- **WHAT YOU NEED TO DO**
Set down the data below in full and exactly, minus the pictures.

*** Opening of DATA SECTION ***

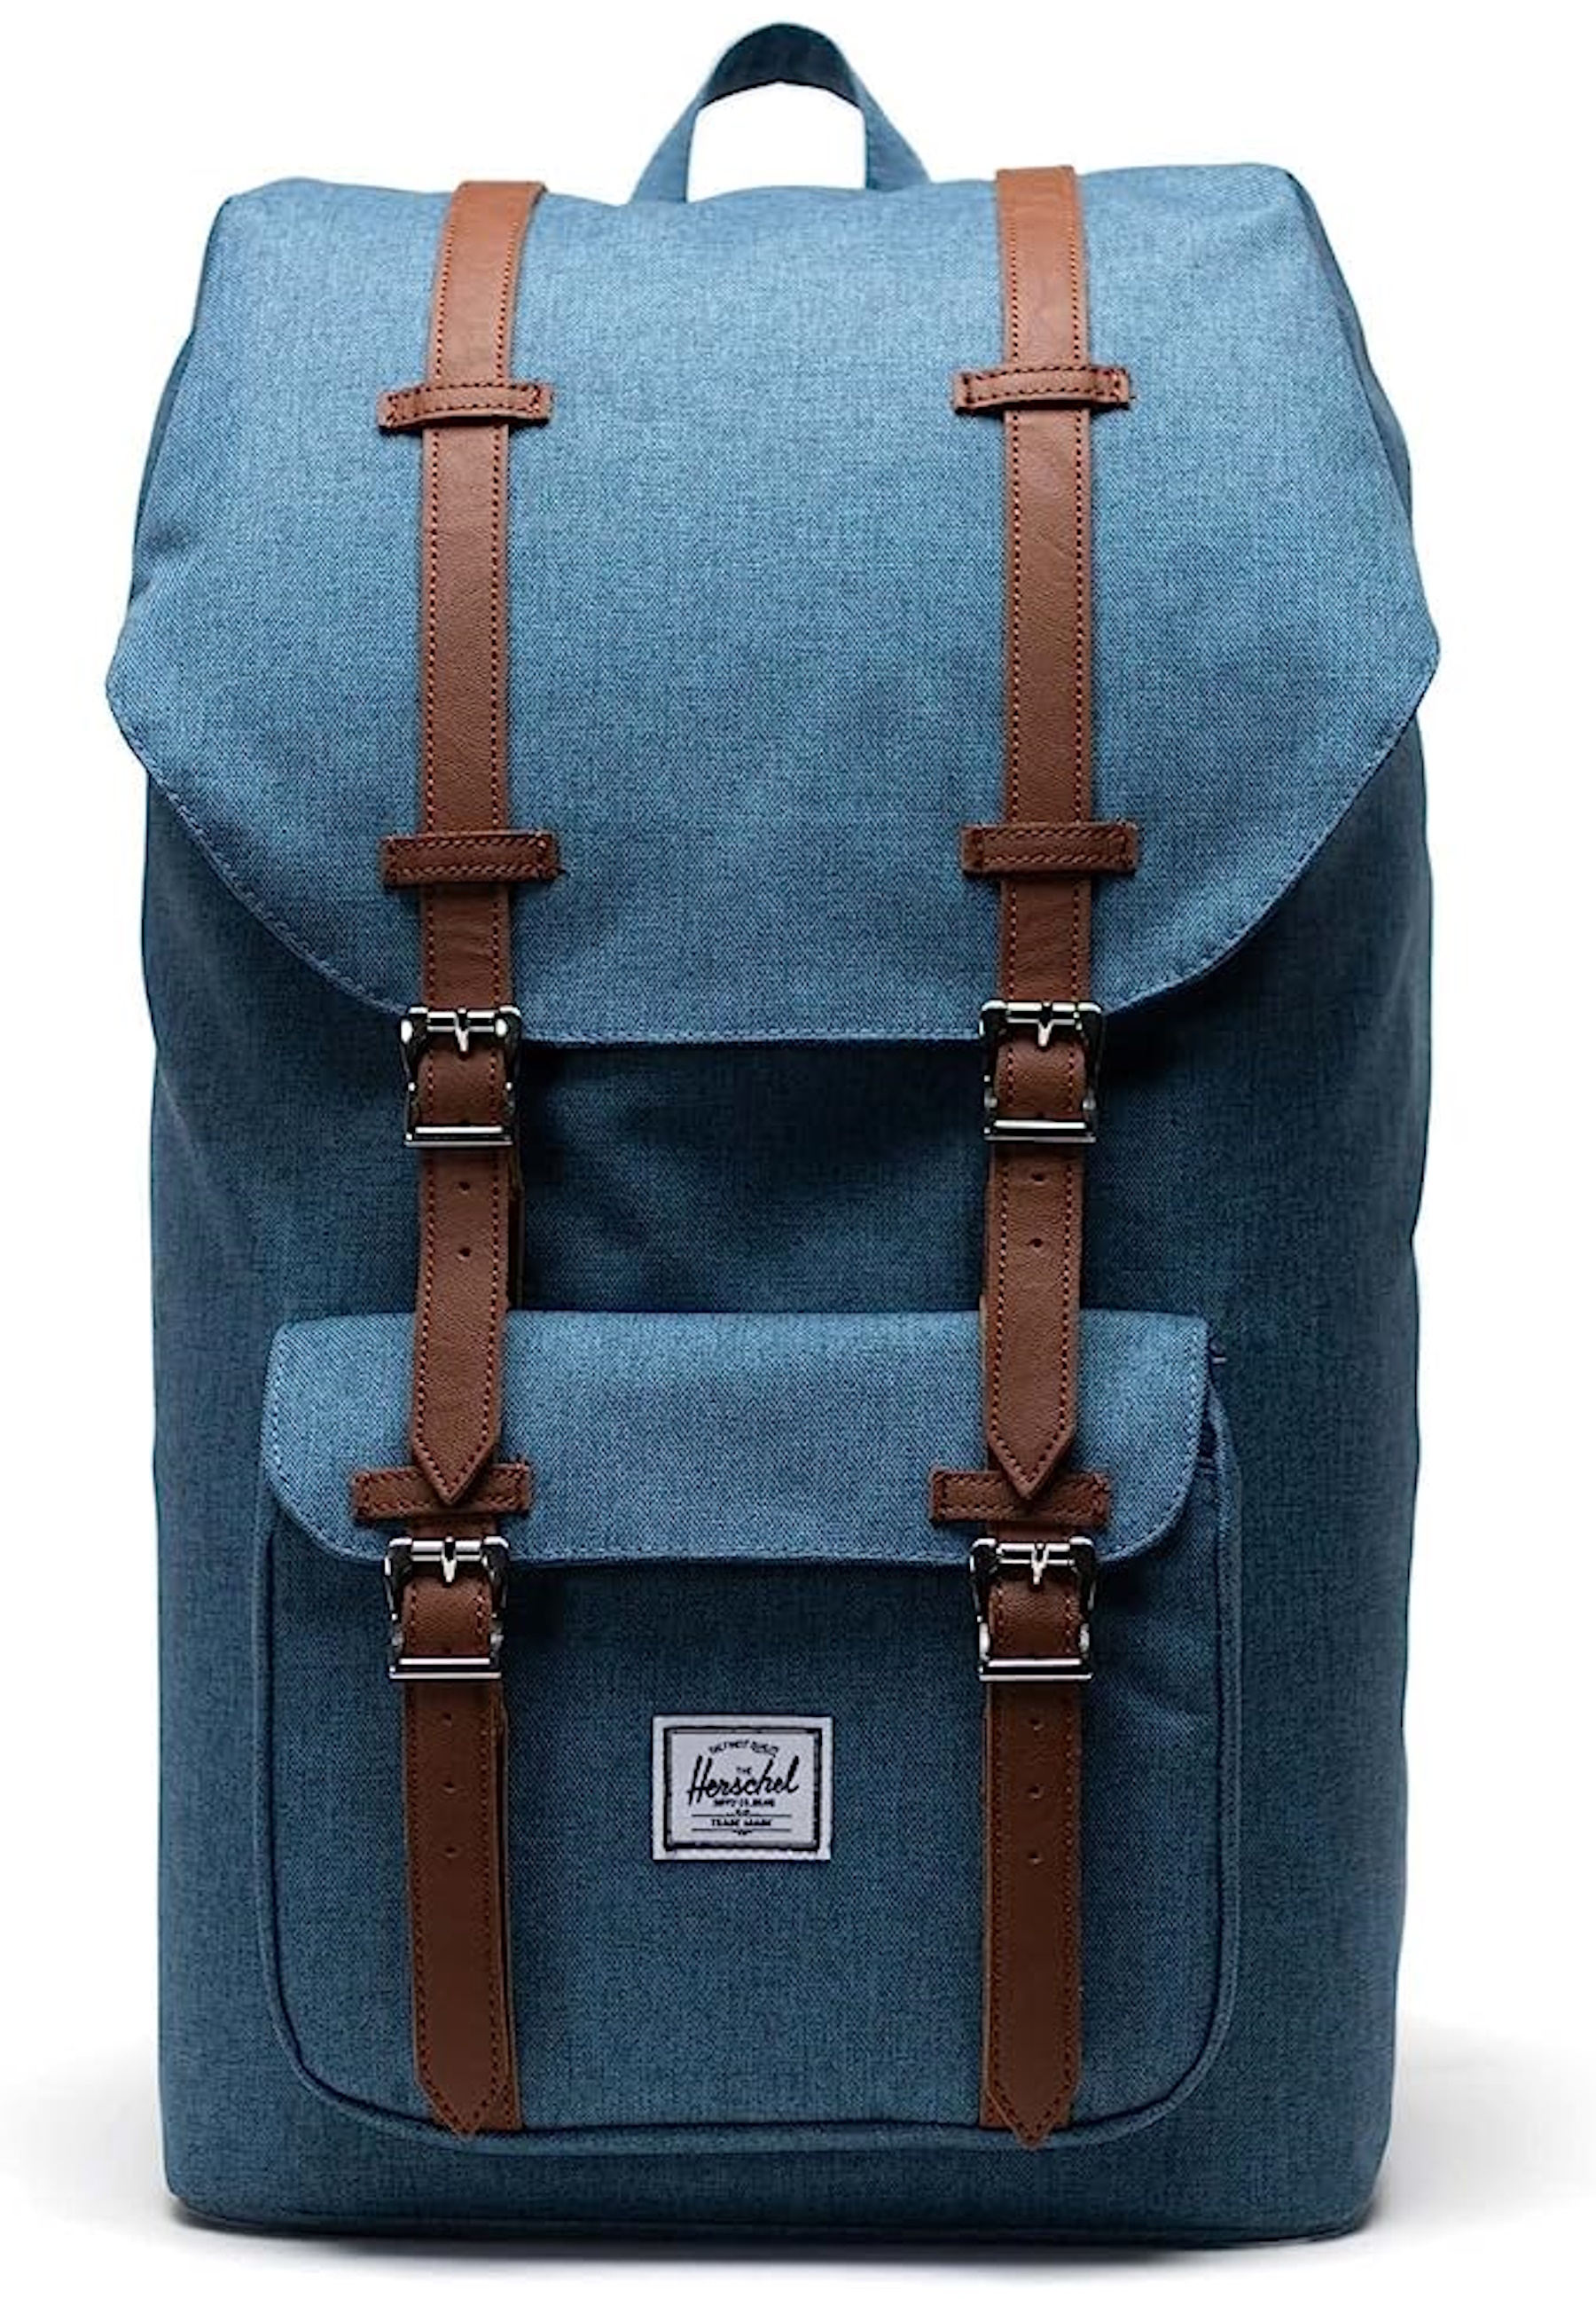 Рюкзак Herschel 'Little America', синий поставка рюкзаков среднего размера little america рюкзак цвета морской волны herschel
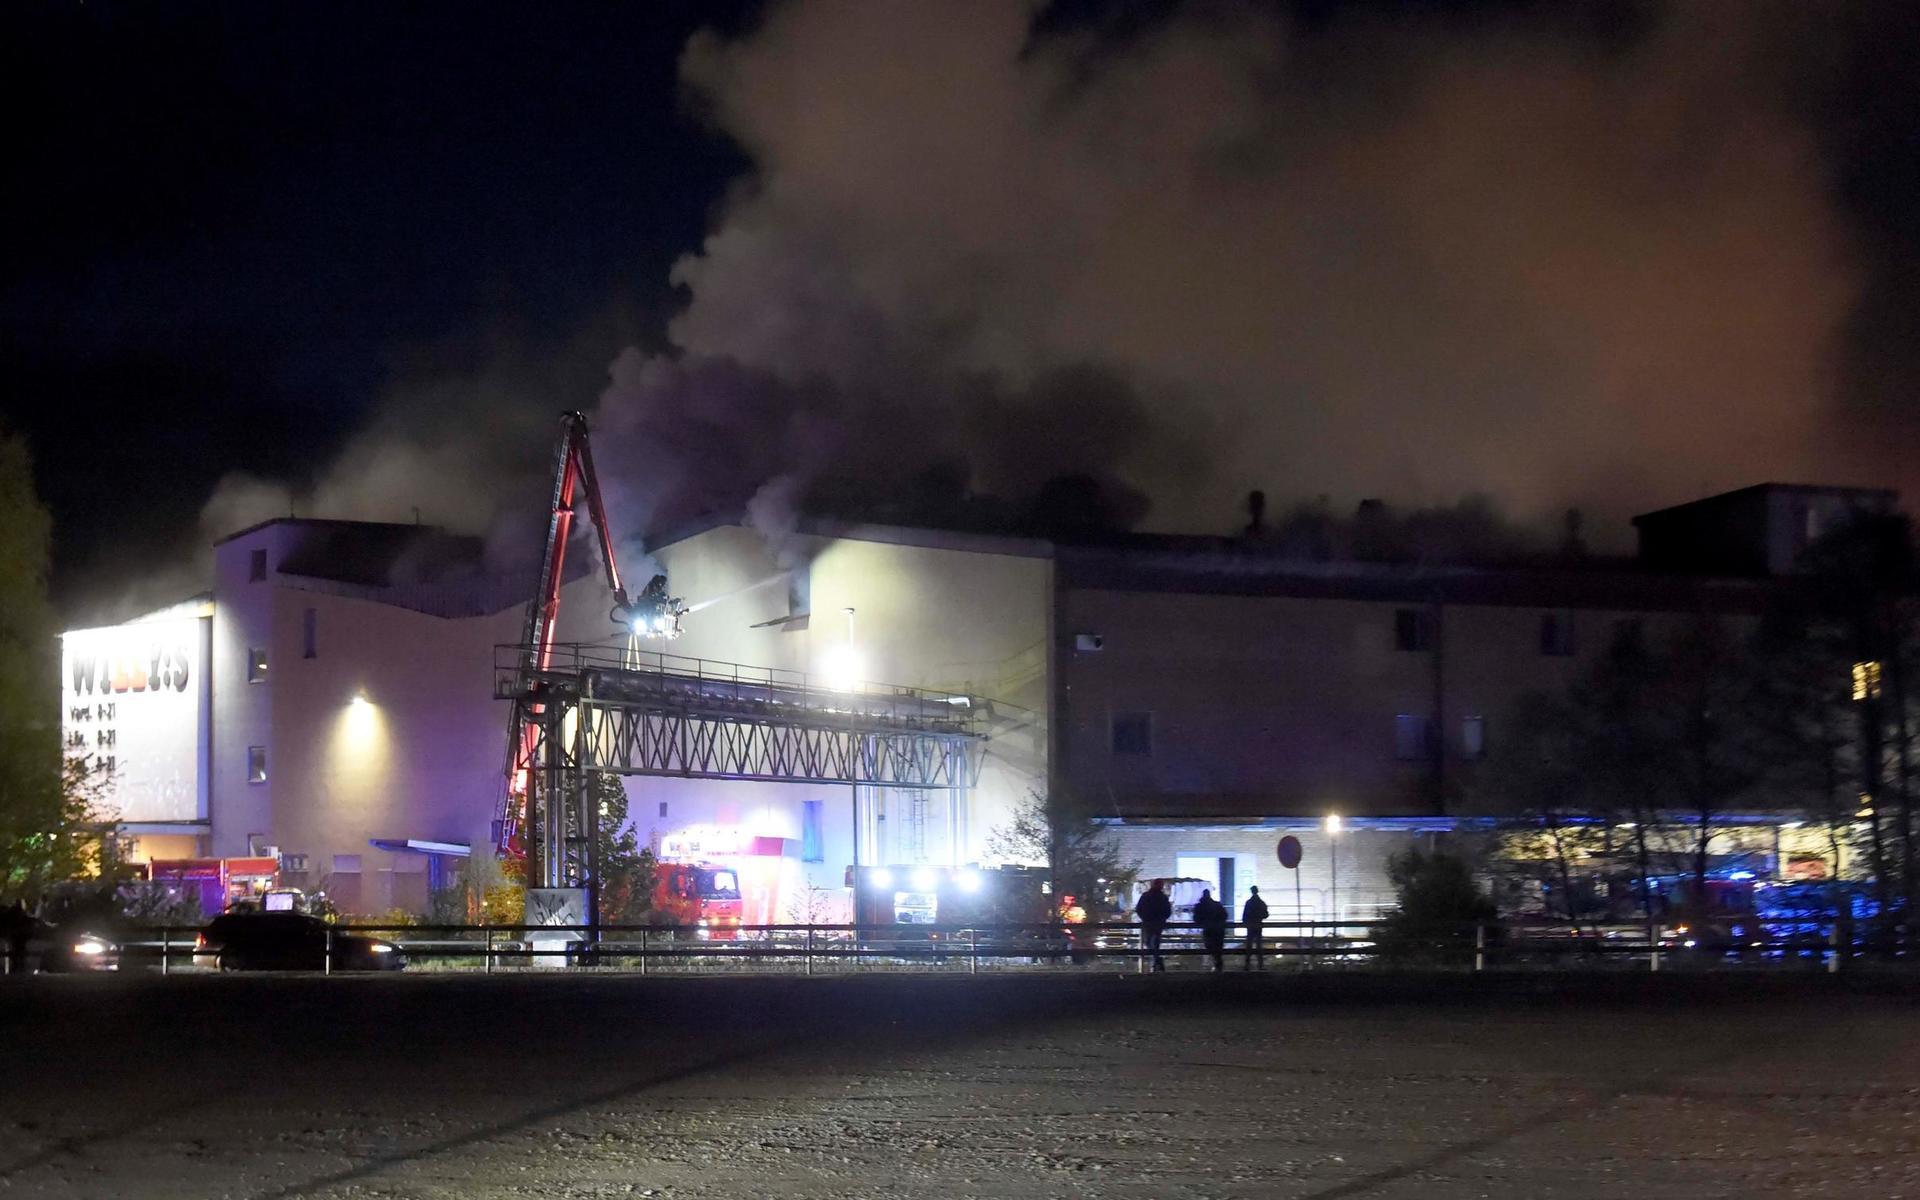 Det var vid 23-tiden på fredagen som larmet kom om branden vid Knalleland.
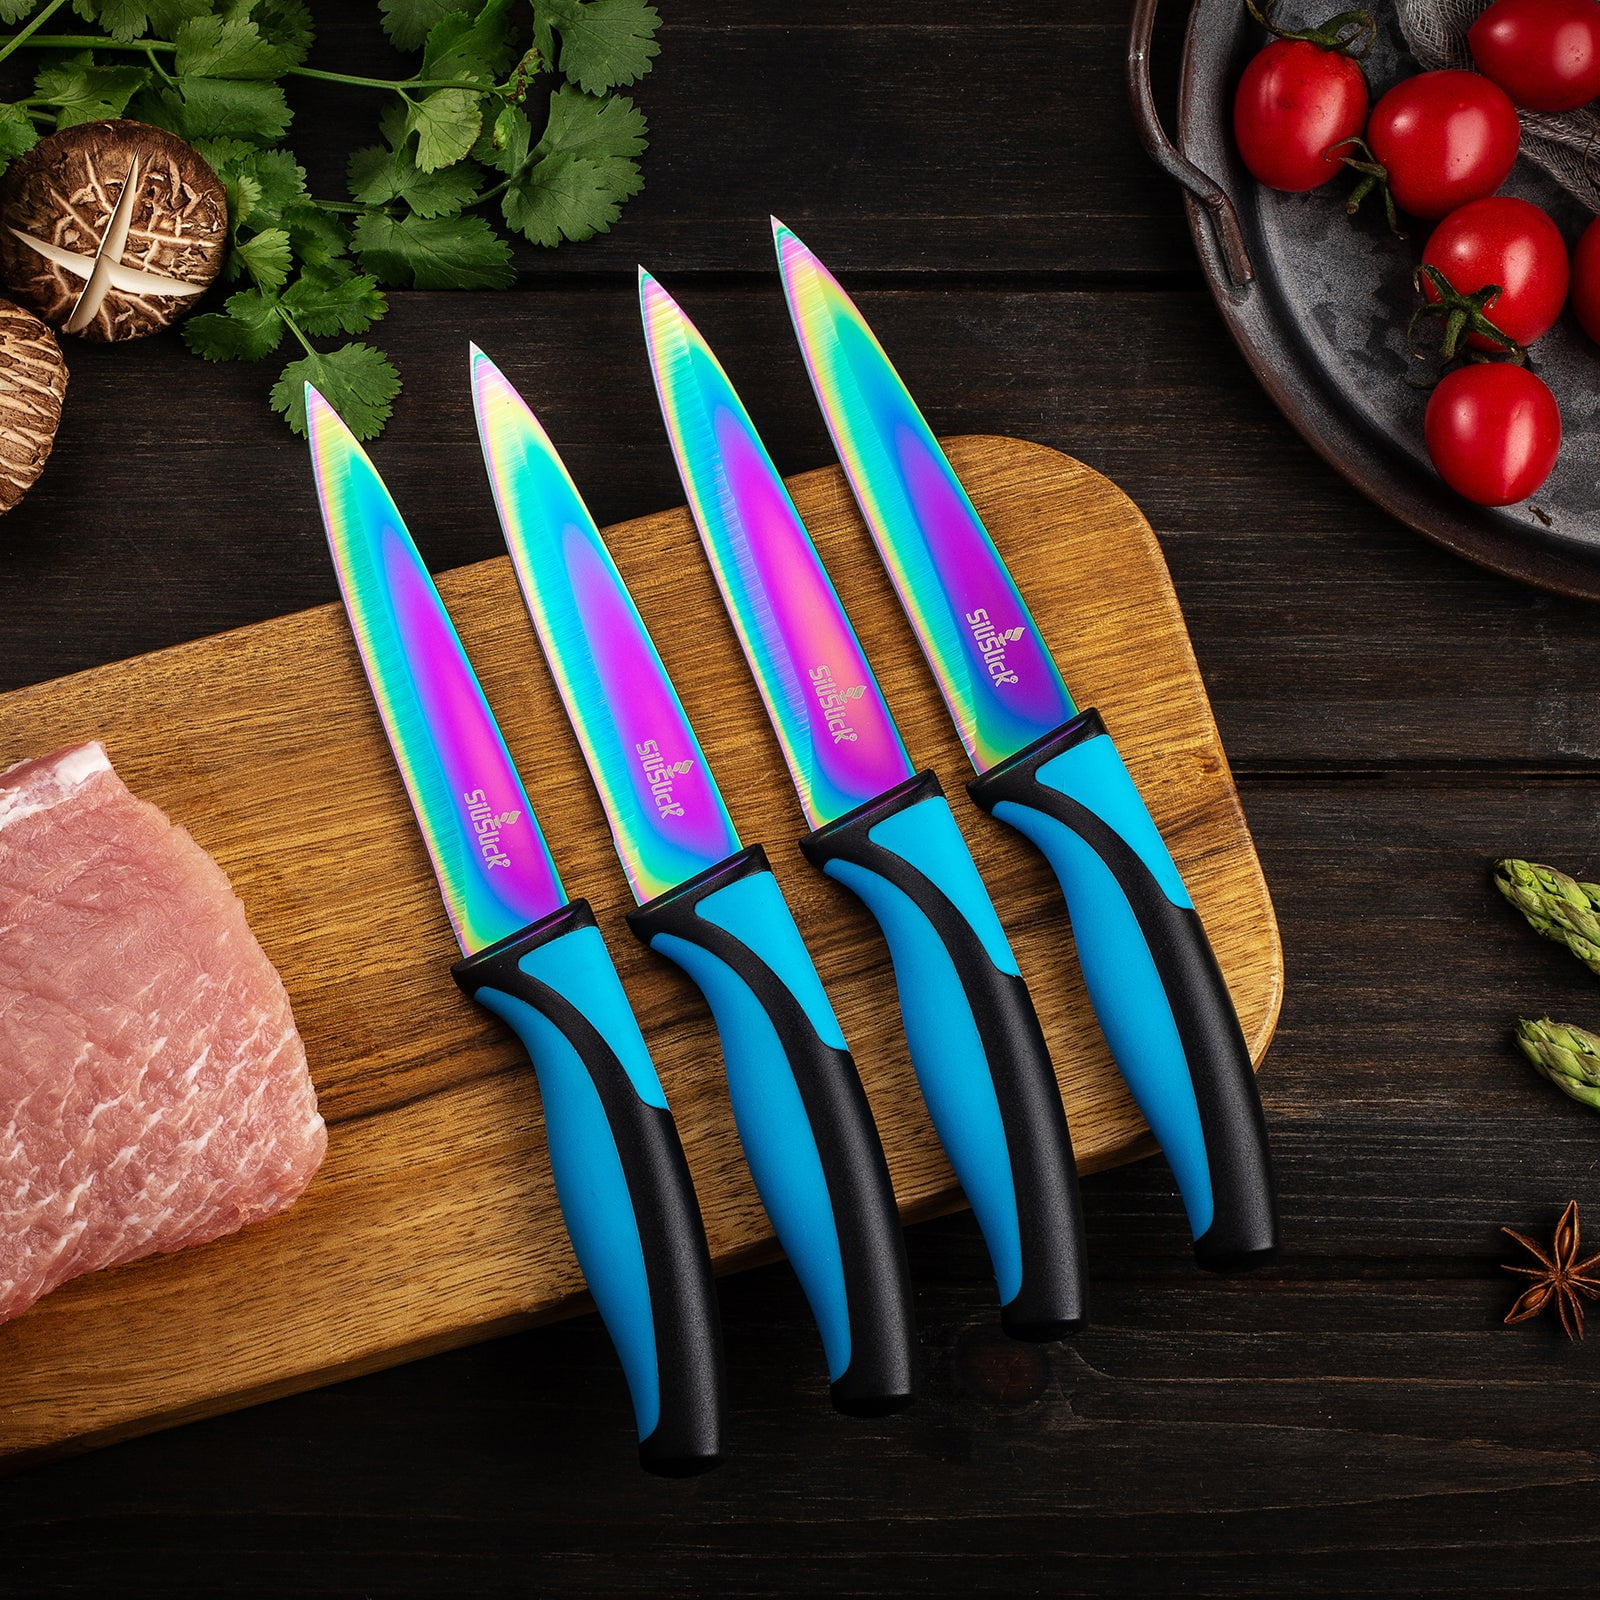 SiliSlick Stainless Steel Steak Knife Red Handle Set of 4 - Titanium Coated  Rainbow, 1 unit - King Soopers

*** Close of DATA SECTION ***

- **FINISHED EXERCISE**
 Рюкзак Herschel 'Little America', синий поставка рюкзаков среднего размера little america рюкзак цвета морской волны herschel
 Det var vid 23-tiden på fredagen som larmet kom om branden vid Knalleland.
 SiliSlick Stainless Steel Steak Knife Red Handle Set of 4 - Titanium Coated  Rainbow, 1 unit - King Soopers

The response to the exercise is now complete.